A) etc. have already been put to practical use. Each of these methods is a method of detecting the presence or absence of an antigen labeled with an isotope, an enzyme, a fluorescent substance, or the like. However, EIA
The methods, FIA method and LIA method have a sensitivity of 10 −6 gram to 10 −10 gram at the most, and are insufficient in sensitivity as an antigen test which is particularly useful in an antigen-antibody reaction, and there is a practical problem. In addition, the RIA method has a sensitivity of 10 -12 grams and is a measurement method capable of ultra trace analysis and antigen test, but requires special equipment because it uses radioactive substances, and in terms of versatility and price, etc.
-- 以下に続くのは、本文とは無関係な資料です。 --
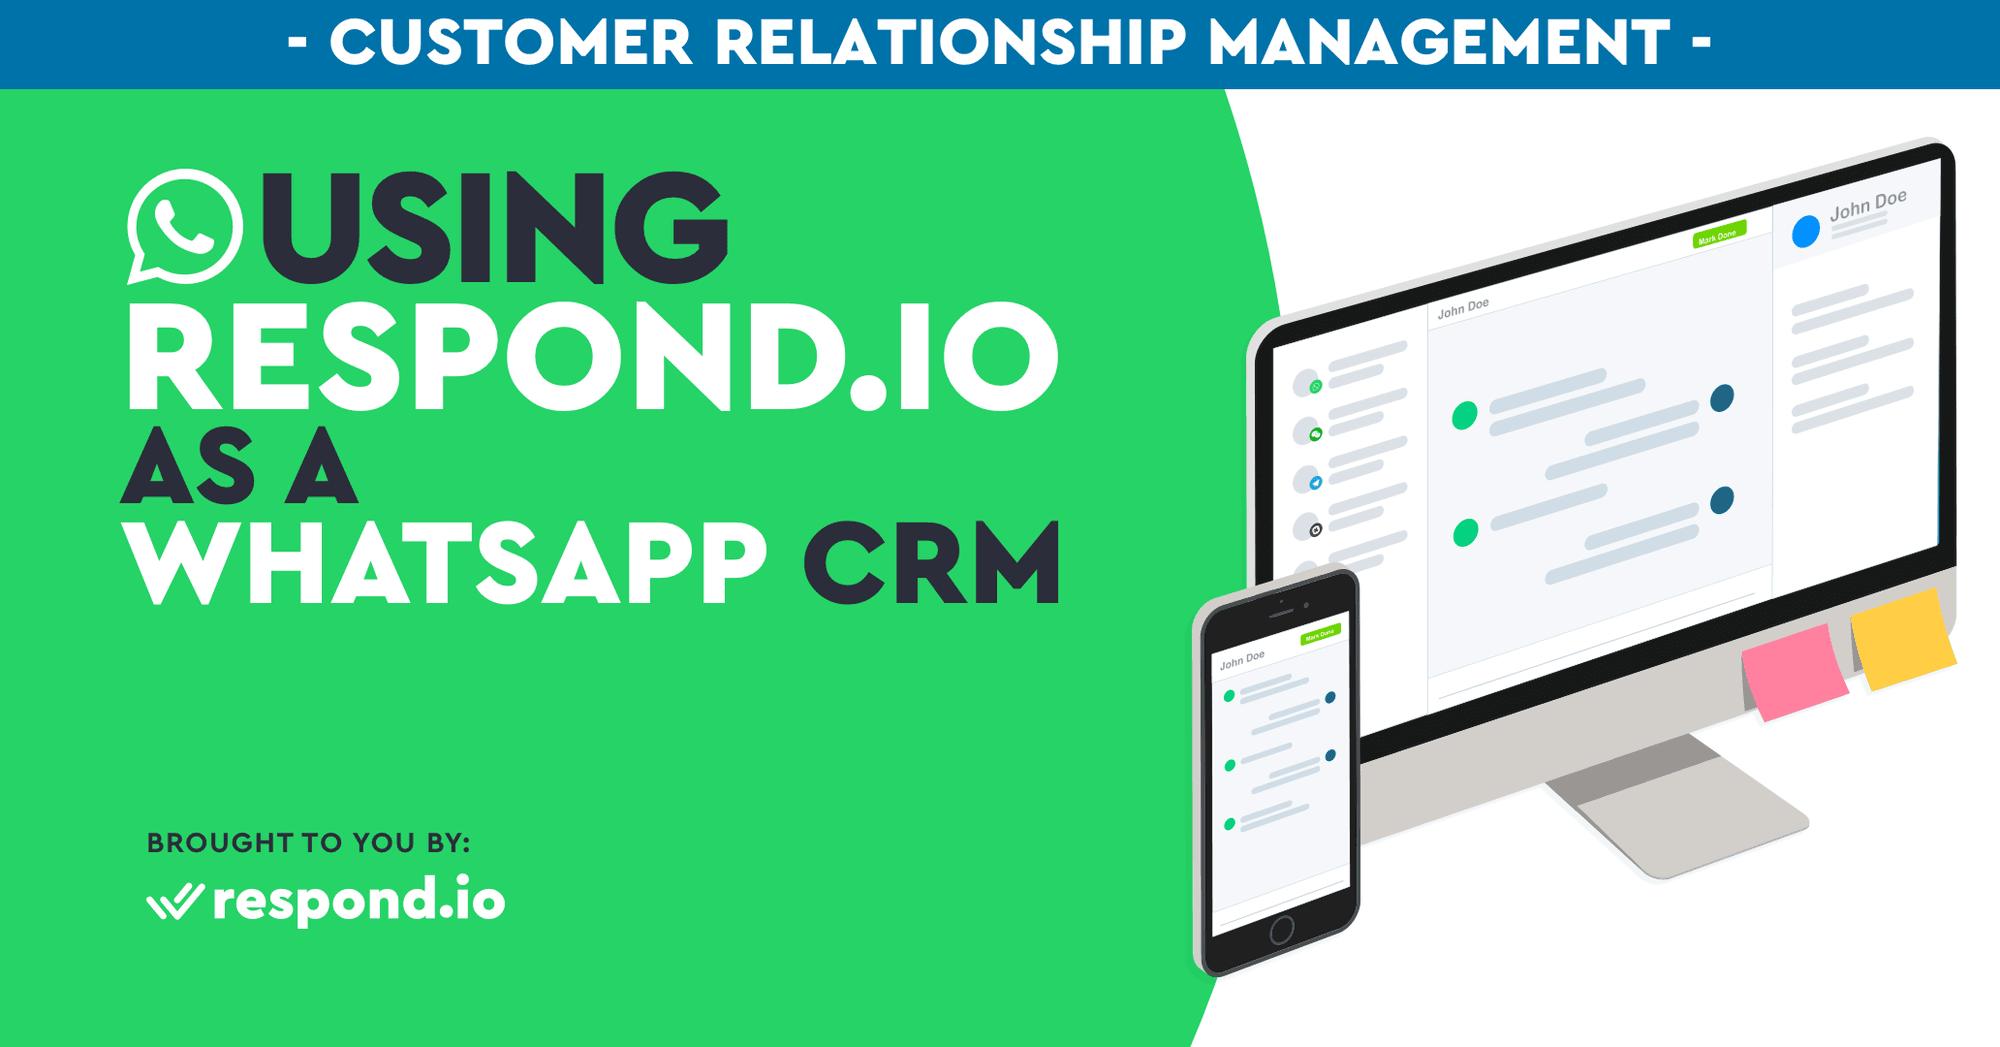 WhatsApp CRM: Using Respond.io As a CRM with WhatsApp Integration (Jul 2021)

There was a problem.
【0003】そこで、本発明者らは抗原検査が可能な1
0-12グラム以上の感度を有し、かつ 汎用性の高い測定
法として、抗体を結合した蛍光色素を含有する蛍光マイ
クロビーズ及び抗体を結合した磁性微粒子(磁性体標識
体)により検体中の抗原を捕捉し、これら蛍光マイクロ
ビーズと磁性微粒子と検体とからなる反応複合体を外部
磁場等により溶液表面の1点に集合させ、該集合点にレ
ーザ光を照射し、該検体から発生する蛍光を検出する免
疫測定法を提案してきた(例えば、特開平2−1517
66号公報等参照のこと)。Therefore, the present inventors have made it possible to carry out an antigen test 1.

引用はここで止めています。